Venezia77 – Miss Marx, di Susanna Nicchiarelli

Italia-Belgio/107’/Concorso

Londra, 1883. La scena si apre coi funerali di Karl Marx officiati dalla figlia minore Eleanor. Sono presenti pochi familiari e gli amici intimi, tra cui Friedrich Engels. “Ho sempre vissuto per gli altri. E’ arrivato il momento di vivere la mia vita” dirà la protagonista nel corso del film. Un’eredità pesante quella lasciatale dal padre.

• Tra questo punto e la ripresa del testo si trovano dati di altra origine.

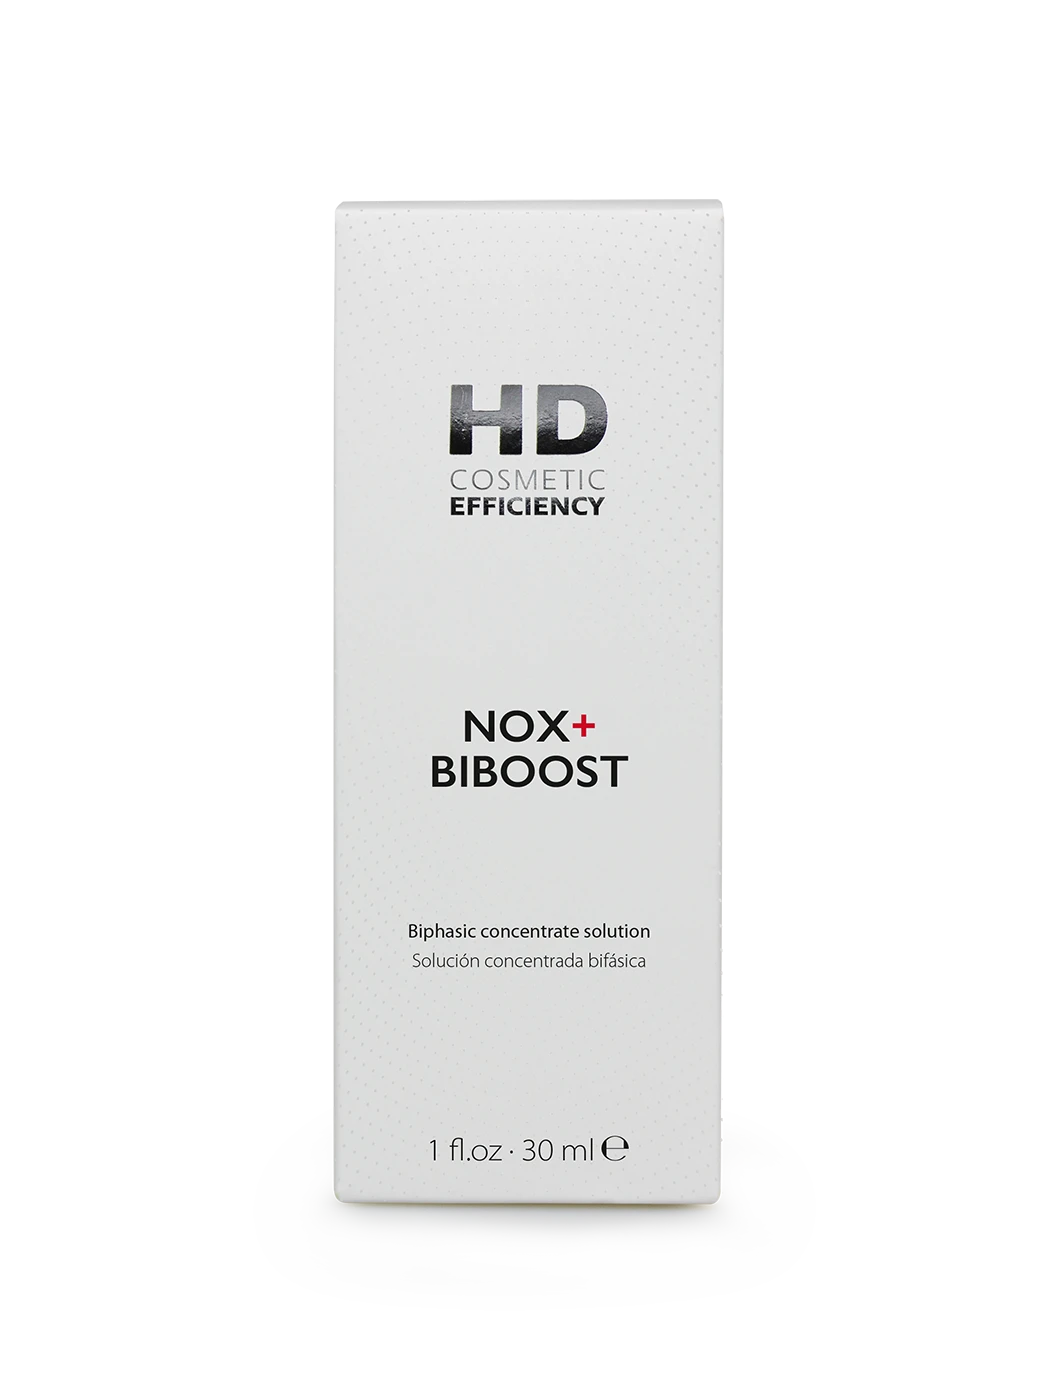 NOX+ BIBOOST packaging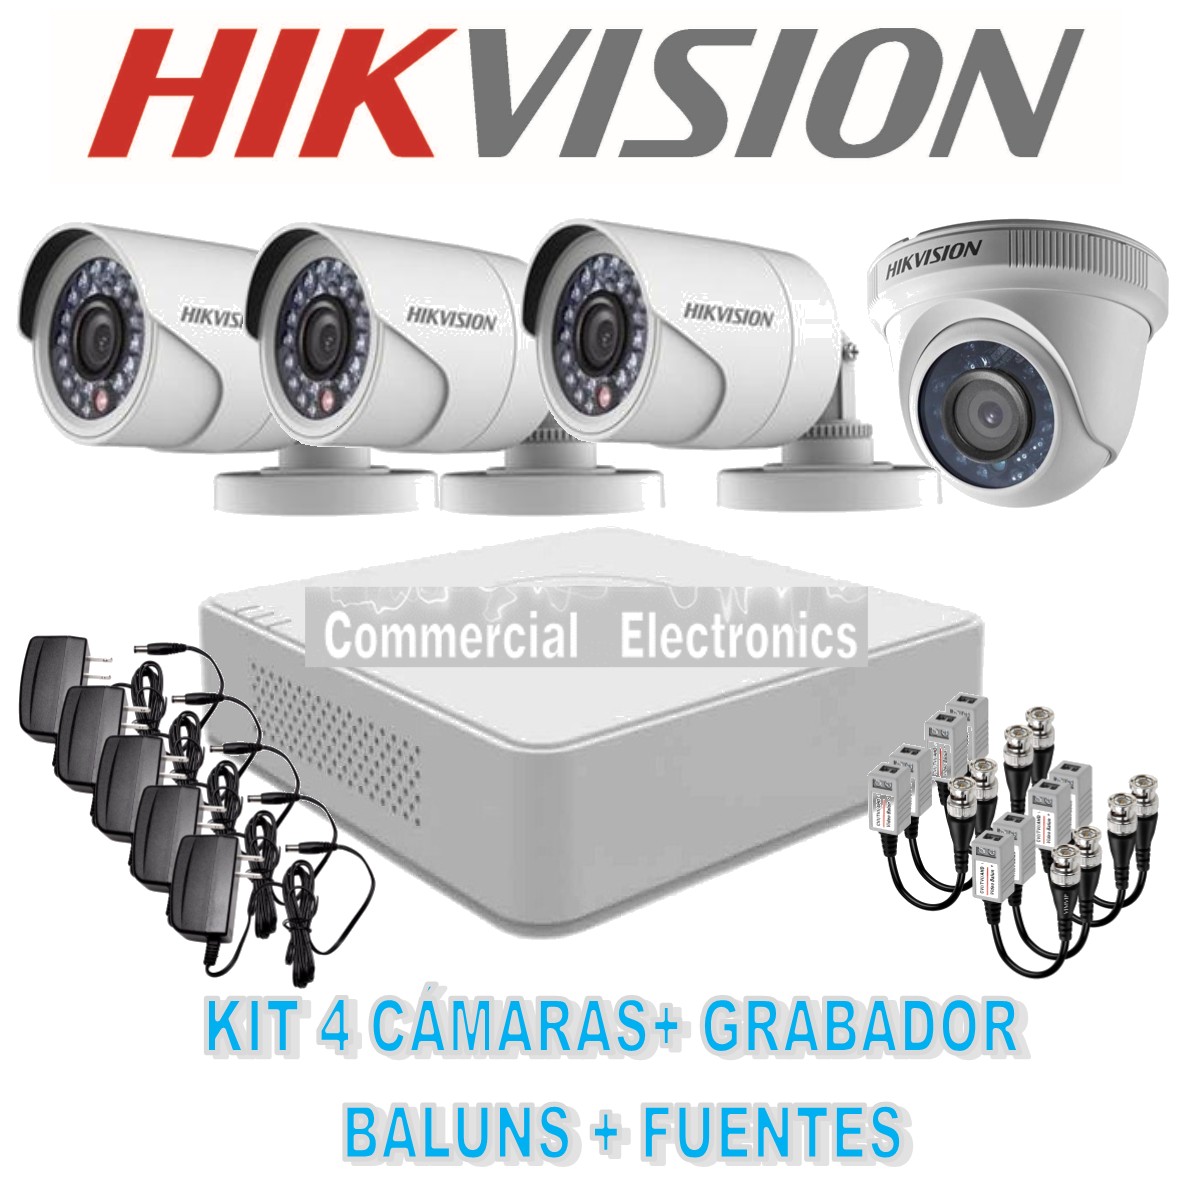 Fabricantes y proveedores de cámaras de videoconferencia HD MG104

Eleanor infatti, l’unica di sei sorelle a seguire le orme paterne come attivista politica, fu una fervente sostenitrice delle teorie marxiste, si batté per i diritti dei lavoratori, delle donne e contro lo sfruttamento minorile e fu tra le prime a far convergere le istanze socialiste e quelle femministe, capendo che l’uguaglianza sociale a cui aspirava passava necessariamente dalla parità tra i sessi. Oltre a tutto questo, fu anche scrittrice e traduttrice di successo (sua la prima versione tradotta in inglese di Madame Bovary), oltre che attrice teatrale.

Un ritratto di donna complesso e sfaccettato, tema caro al cinema di Susanna Nicchiarelli che dopo Nico, 1988, vincitore a Orizzonti nel 2017, racconta nuovamente una donna la cui storia ha forti rimandi alla contemporaneità e oggi si sente più che mai l’urgenza di parlare di emancipazione femminile. La vita di Eleanor Marx infatti, se da una parte è stata segnata dall’ingombrante presenza del padre, sul lato privato ha subito le conseguenze dell’amore tragico col commediografo Edward Aveling. La regista ha voluto dichiaratamente sovvertire la narrazione biografica classica, che se dal punto di vista della messa in scena ricalca i canoni del biopic in costume, dal punto di vista del montaggio e della colonna sonora assume connotati anticonvenzionali, grazie ai pezzi punk dei Gatto Ciliegia contro il Grande Freddo e dei Downtown Boys e immagini d’archivio che mostrano le reali proteste operaie di fine Ottocento. Ma se l’intento di Nicchiarelli era quello di dare una sferzata di modernità alla sua opera, cercando di sottolineare l’universalità della storia che racconta, il risultato invece è un appesantimento generale, un film che fatica a trovare respiro se non in poche, sparute scene come il ballo scomposto e liberatorio di Eleanor, mentre il compagno in preda ai fumi dell’oppio le dorme accanto o l’emozionante scena (forse l’unica?) del pianto disperato della giovane Marx in seguito al ritrovamento di una lettera d’amore del padre alla madre.

Ed è sempre lì che si torna: Eleanor, brillante, intraprendente, figlia prediletta di un uomo che ha segnato la Storia, un padre idealizzato di cui si ritrova a ricalcare le orme. “Il matrimonio è un’istituzione superata”, ma l’inquietudine che si legge negli occhi di Engels alla notizia che la sua Tussy andrà a vivere con un uomo senza essere sposata è inequivocabile. Quanto è difficile seguire con convinzione e fermezza i principi che si vanno propagandando, soprattutto se di cognome fai Marx? E quanto peso può avere, nelle nostre dinamiche relazionali, il modello idealizzato del rapporto genitoriale, che è molto più difettoso e imperfetto di quanto si pensi – o si voglia pensare – e spesso oscurato da tradimenti taciuti, accettati, subiti? Eccezionale Romola Garai nell’interpretare Eleanor, donandole al contempo fierezza e malinconia, facce della stessa medaglia, specchi di un’esistenza conflittuale divisa tra la lotta per i diritti dei più deboli e il tentativo di affrancarsi dalle figure maschili della sua vita. Eleanor Marx è stata una donna che attraverso la militanza politica ha cercato di salvare e liberare innanzitutto se stessa. Ciò che rimane dopo la visione del film è quel ballo che riecheggia di disperazione e che in più d’una ci siamo ritrovate a danzare.